Hello,
I develop a large scientific software package for materials science. I am currently implementing a GPU version of the code. I created a minimal GPU example which mimics the workload in the main code for the rate limiting step. This is still somewhat complex, however, as there are multiple POSIX threads and each runs its own kernel for its own job. I setup the threads to use stream concurrency with each POSIX thread using it’s default stream.
I then profiled the code using NVTX and NSIGHT Systems. I have looked at the code both with the CLI and GUI. One thing that sticks out to me is that small DtoH memory transfers are taking an outsized share of the runtime. After each kernel run there are two doubles transferred DtoH, and these take longer than 64,000 doubles transferred HtoD before the kernel run.
This is the runtime breakdown of my code from nsys --stats
Time (%) Total Time (s) Range
27.4 280 :ENERGY_OUT
25.8 264 :FENERGY_OUT
22.9 234 :CUDAMalloc
10.3 105 :KERNEL
10.1 103 :CUDAFree
2.8 28 :ELEVELS_IN
ELEVELS_IN is a 64k double HtoD transfer, ENERGY_OUT is a double DtoH transfer, and FENERGY_OUT is another double DtoH transfer.

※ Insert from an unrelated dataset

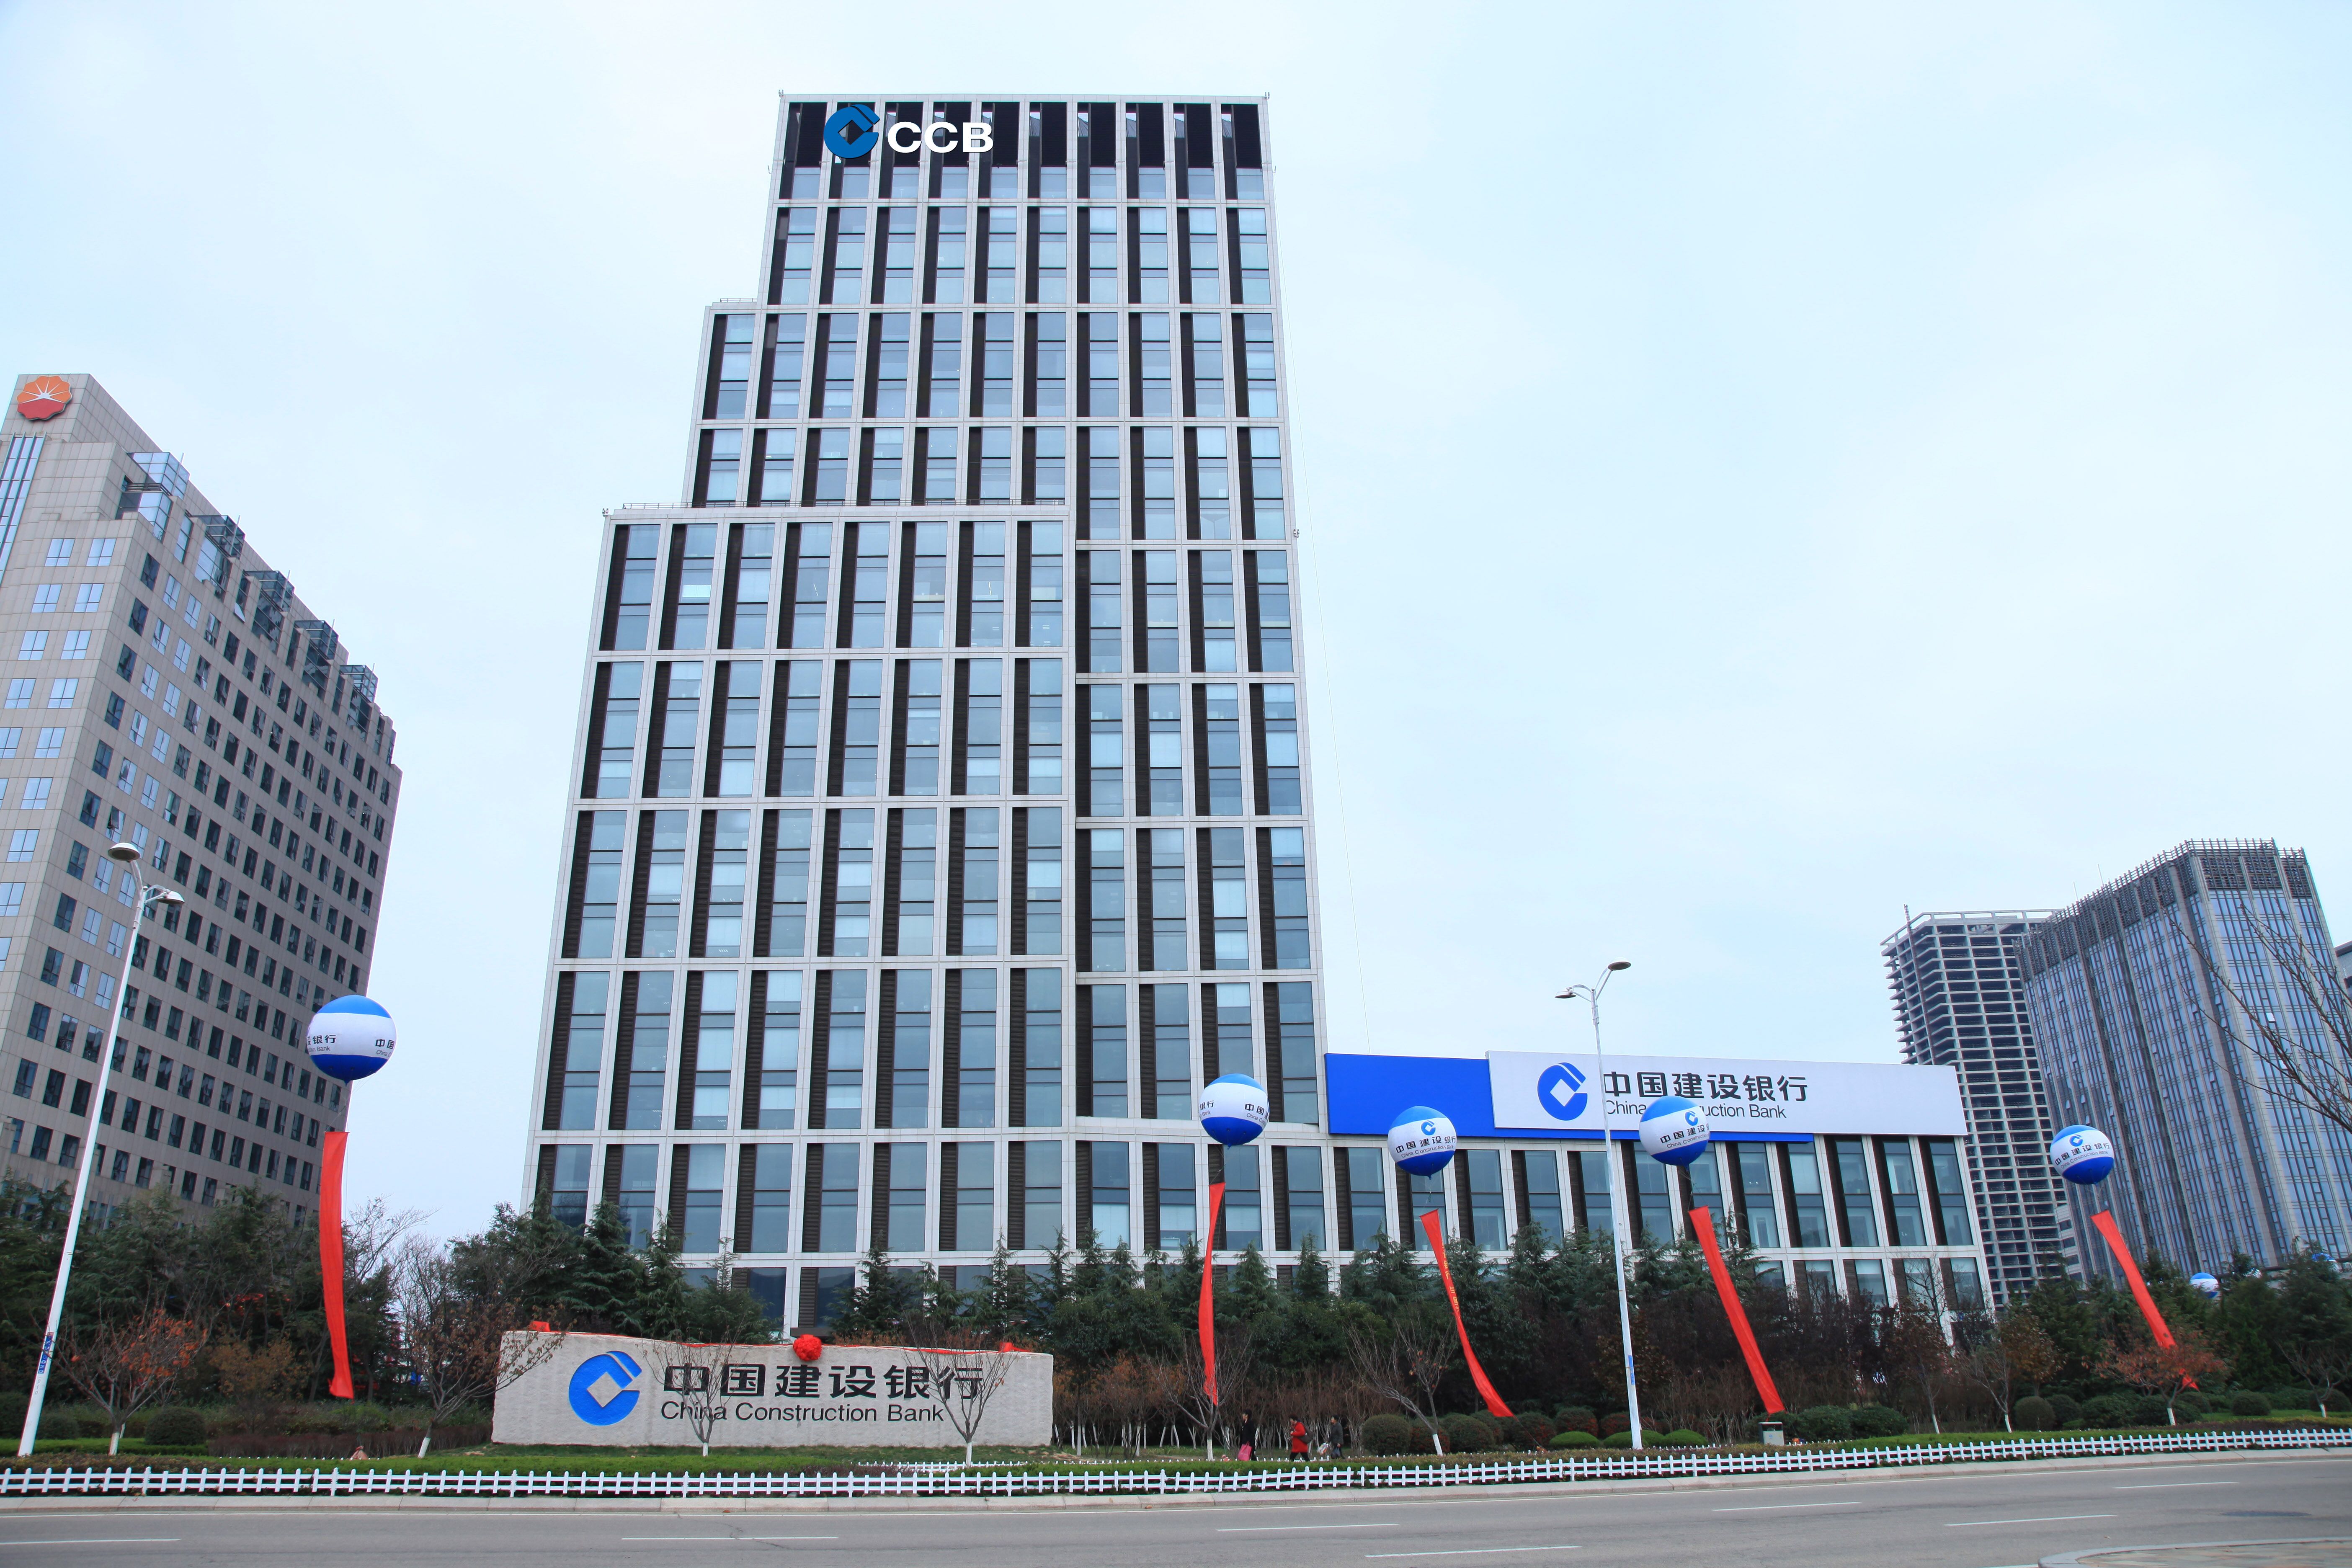 3月1日,中国建设银行与海尔集团公司在北京举行住房租赁业务战略合作

I had assumed that the stream concurrency would have helped to queue up constant data transfers, but I see long empty periods in between transfers. I am having some difficulty understanding these results as the asynchronous calls can sometimes confound the profiling results. I have seen before that depending on where you put cudaStreamSynchronize calls it can look like one call is taking a long time when it’s actually the previous call finishing first. To mitigate this problem, I call cudaStreamSynchronize between each GPU transfer or kernel.
I would really appreciate any help or advice you can provide as this is outside of my capabilities to fix and I am stuck.
Why does it look like the small memory transfers are so slow? I assumed these would be almost negligible.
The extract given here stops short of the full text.